En aquellos días felices cuando estrenamos sede, y todavía creíamos que bastaba con trabajar duro y hacerlo con honestidad, apareció Choco. Una sala de redacción, con su ritmo frenético y sus últimas horas, no parece el mejor lugar para un cachorrito pero Choco la convirtió en su hogar. Encontró un sitio para guardar la pelota detrás de una papelera y un rincón para comer en su plato digno de una emperatriz. Él sabía cuándo era oportuno apostar carreras con un reportero y cuándo debía hacerse a un lado para no obstaculizar un cubrimiento.
Nadie lo oyó ladrar jamás. No recuerdo haberle visto una actitud agresiva, era dulce a toda hora. Algunas veces cuando no estaba en la oficina de Isaac aparecía en la mía, cruzaba las patas con elegancia y seguía con atención las discusiones. Avisaba cuando le urgía ir al jardín del estacionamiento y una vez se aliviaba regresaba “al trabajo” con ánimo renovado. El único lunar en sus modales exquisitos eran las apestosas flatulencias que soltaba en silencio mientras ponía cara de “yo no fui” sembrando la sospecha entre los humanos. Pocos pensaban que podía haber sido él.
En su casa era el centro de la atención. Creció en medio del cariño de Juan, de Paco y de María que celebraban sus gracias y la alegría de tener esos momentos en los que Choco era solo de ellos y no la mascota de todos. Se mantenía en forma, en parte por su ánimo infatigable pero sobre todo porque ellos sabían que necesitaba el ejercicio para que no se afectara su cadera, una dolencia frecuente en los labradores.

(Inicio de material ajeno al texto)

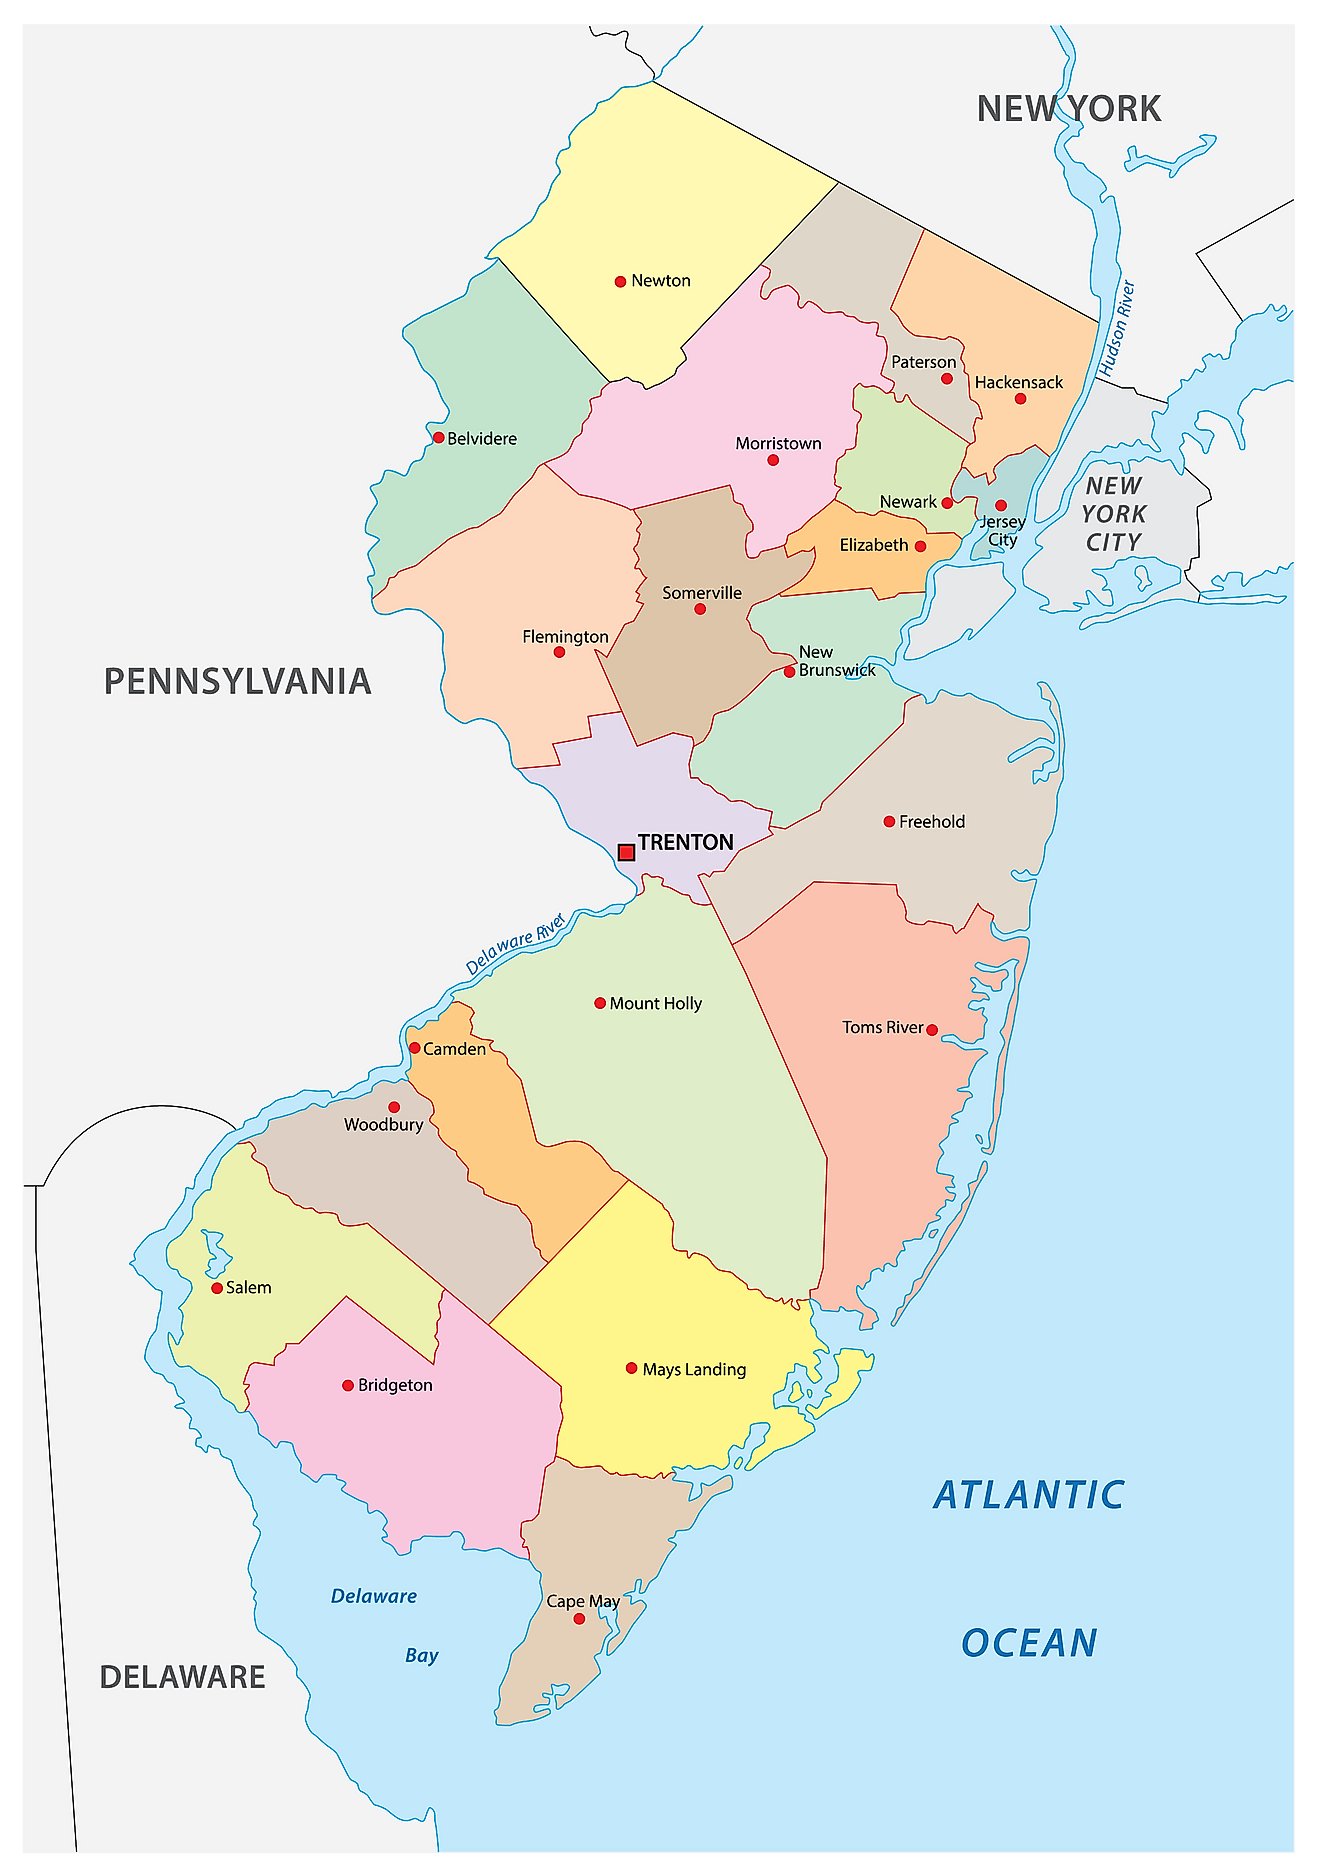 New Jersey Capital, Population, Map, History, Facts Britannica ...

Cuando Raquel se enfermó por primera vez, y estaba sufriendo al tiempo los efectos de la leucemia y la quimioterapia, fue una visita de Choco la que le devolvió la sonrisa. De la mano de Juan llegó hasta el quinto piso del hospital de niños, llenó de felicidad a los pequeños pacientes que encontró a su paso, entró al cuarto de nuestra hija y se sentó a los pies de su cama en el ángulo preciso para que ella pudiera verlo y sentir su cariño silencioso. En medio de tantas muestras de solidaridad y afecto, quizás nada la animó tanto como sentir cerca al perrito que no se movía, solo la miraba y le dejaba ver que estaba ahí.
En los períodos en los que nuestra niña podía volver a la casa, Juan e Isaac, con enorme generosidad, llevaban a Choco para que estuviera con ella, tan cerca como lo permitiera su salud. Pocos días después, otro amigo sobreviviente de cáncer, nos regaló a Nutella que parecía una versión a escala de Choco. El mismo pelo, los mismos ojos, el mismo paso.

Para explicar lo que significó Choco para nosotros basta con decir que Rafael, nuestro hijo menor, en el momento en el que recibía a Nutella, la primera y única mascota de su vida, solo preguntaba si Choco iba a venir.

Alguna vez les conté lo que ha impactado Nutella nuestras vidas y de qué manera nos ha reconfortado en los momentos difíciles que hemos tenido que pasar. Choco permanece en nuestros corazones.
Hace unos años, Choco y su familia se fueron a vivir lejos de aquí. Seguimos hablándonos y viéndonos cada que es posible pero más de seis horas de vuelo nos separan y las ocasiones no son tan frecuentes como quisiéramos.
En diciembre de 2021 fui a Los Ángeles a visitarlos y pude pasar unos ratos con Choco. Su pelo café se había ido blanqueando –como el mío–, ya no corría tanto como antes pero me recordó, jugó conmigo y me guió por su casa nueva tan bella y llena de luz.
Con él, sentado a mi lado, escribí la última columna de ese año y como en California hay tres horas de diferencia con Colombia, los dos nos levantamos a las tres de las mañana para twittear sin despertar a nadie. A las ocho de allá hicimos juntos el programa de Los Danieles tratando de hablar bajito y esperando el final para salir a jugar al jardín.
Hace un poco más de dos meses Choco se enfermó y murió en paz. Su agonía fue corta. Sucedió por los días de mi último cumpleaños. Me enteré por un mensaje de texto y no puede evitar una lágrima de pesar y gratitud para ese ser que nos trajo tanto consuelo cuando más lo necesitábamos.
Sus dueños decidieron cremarlo y poner sus cenizas en esa linda casa de Pacific Palisades, California, en la que el perrito pasó sus últimos años.
El martes de esta semana los incendios obligaron a evacuar la zona. El fuego empujado por los vientos alcanzó la edificación y en poco tiempo acabó con todo. Las cenizas de Choco quedaron mezcladas para siempre con las de esa casa en la que fue feliz. Quiero pensar que el recuerdo de su bondad guiará la reconstrucción.